The 5,000 that are left are the ones that couldn't 'get out' one
way or another. I compare them to the people in the US that were
still living in the government provided RV's three years after
Hurricane Katrina. The Nomadic people typically have dark
clothing...more likely than not the other people are people that
were displaced during the Soviet Occupation from this region and
then tried to reintegrate and had been gone so long that they were
not accepted anywhere else but the Dasht Camps. The women who are
not nomads typically try to keep their faces covered. The covering
of faces is not an imposed punishment in a male dominated society, but rather
a cultural habit developed over hundreds of years. I
suspect/theorize that it is a result of the many invasions that
have happened over thousands of years. The perspective is
different here...in the US you can look at the result of a 'melting
pot' in the faces of the people that have settled our
country...tongue-in-cheek people that have fled or been chased out
of their countries of origin...here you see the ethnic blending in
physical features that result from the blending of genetic material
from invaders from all over the world.
11 20 11 Hi All;
Pardon the typos...I'm on a computer at an MWR facility on a COP about 10 clicks (Kilometers) away from the FOB. THe keyboard is 'sticky'. This is my second mission to a COP and so far they are kind of like a really nasty boy scout camp with guns and barbed wire added in. The people are great, but the toilets need to be wiped down completely before using them. Only one or two choices of main dish and a couple of sides at any given meal and a folding cot to sleep on. It is much quieter with only the sound of generators and cooling systems running 24/7...compared to idling vehicles, helicopters and drone planes which run constantly at FOB Pasab.

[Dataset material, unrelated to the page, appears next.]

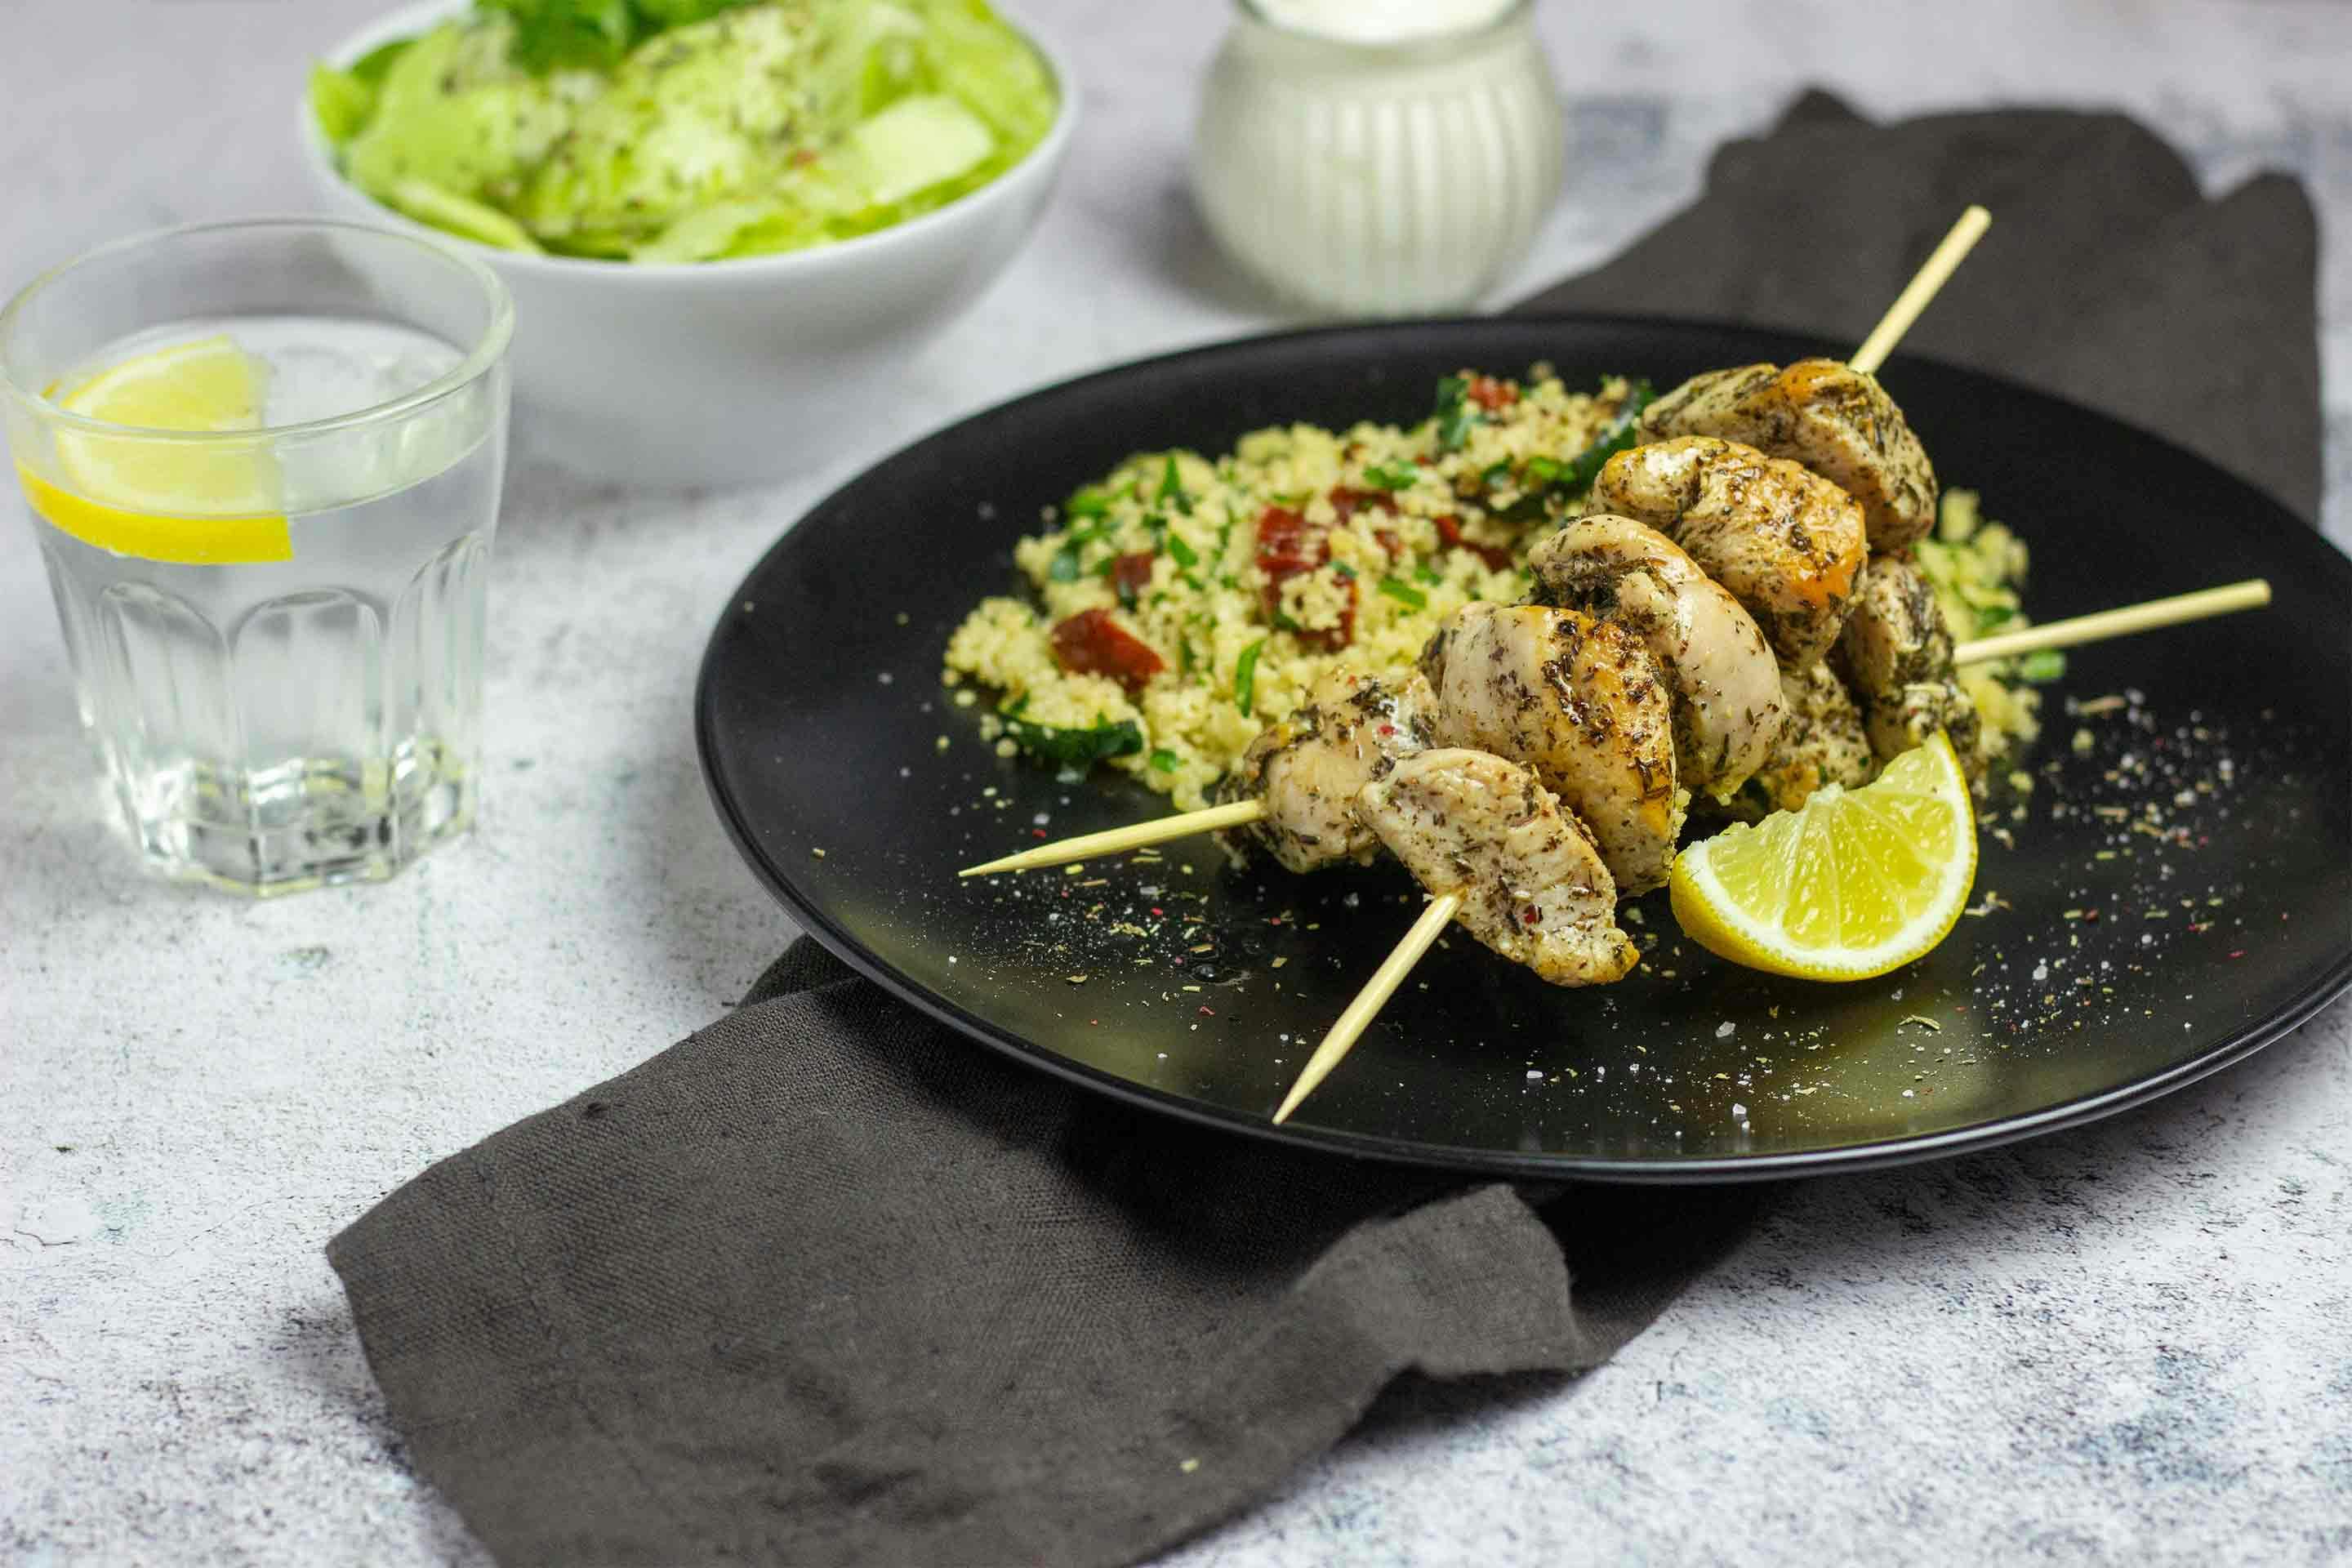 Delicious chicken skewers with Mediterranean couscous bring holiday vibes into the kitchen.

We arrived after dark last night and got the 30 second tour. I did manage to find the MWR Phone CHU and talked to Krista, Lisa and Fred. My job is still mainly doing long term suggested solutions for small and big problems, but my reputation for thinking outside of the box is getting me some really odd problems to work on. Yesterday, before I left I had to design the steel supports for three openings in a double brick wall for an NGO (non-governmental organization) office and teaching area in the bazaar just off of the FOB. I will also be teaching a class on how to build masonry heaters there to 10 locals + military and then a class on manual water pumping. THere is also a power system for the Pasab Clinic and water purification system for the same. The weirdest question came from the leaders at the COP I'm at right now. I have to help remove a forest that the Taliban is using to stage bad stuff against the locals and military. Selective removal of trees...this will involve everything from finding suitable chainsaws with carbide blades (the tree is something like our 'ironwood' or lignum vitae) to devising tree removing shaped charges (explosives for a singular purpose...sounds like fun to me!) to girding the trees to finding a non-pervasive, non-persistent poison to be injected or sprayed onto the trees. I'm also traveling to visit check cams for flood mitigation and inspecting canal inlets. It is a wild ride with a lot fo hurry up and wait...we waited for 3 hours last night for our mission to drive off base for a 45 minute ride to the COP...but that is everything here anyway. My health and spirits are good. I did have a 'loud discussion' with one of my team members about his DILIGAF (Do I Look Like I Give A F@#$) attitude. It keeps getting him into trouble with the higher ups and with his personal life...it was a kind-of 'dad' or 'grandpa' discussion ...he's just 21 and I wanted to let him know, in a gentle (okay , not so gentle) manner that it would chase him for the rest of his life and block roads to success if he practiced it long and hard enough to make it a habit...maybe it made a dent...maybe not...
I will go from this COP back to Pasab for a day (Thanksgiving!) and then on to another COP with an experimental training farm and get to play there for a couple of days...farming information and irrigation/canal/flood inspection and recommendations, but sadly no explosives..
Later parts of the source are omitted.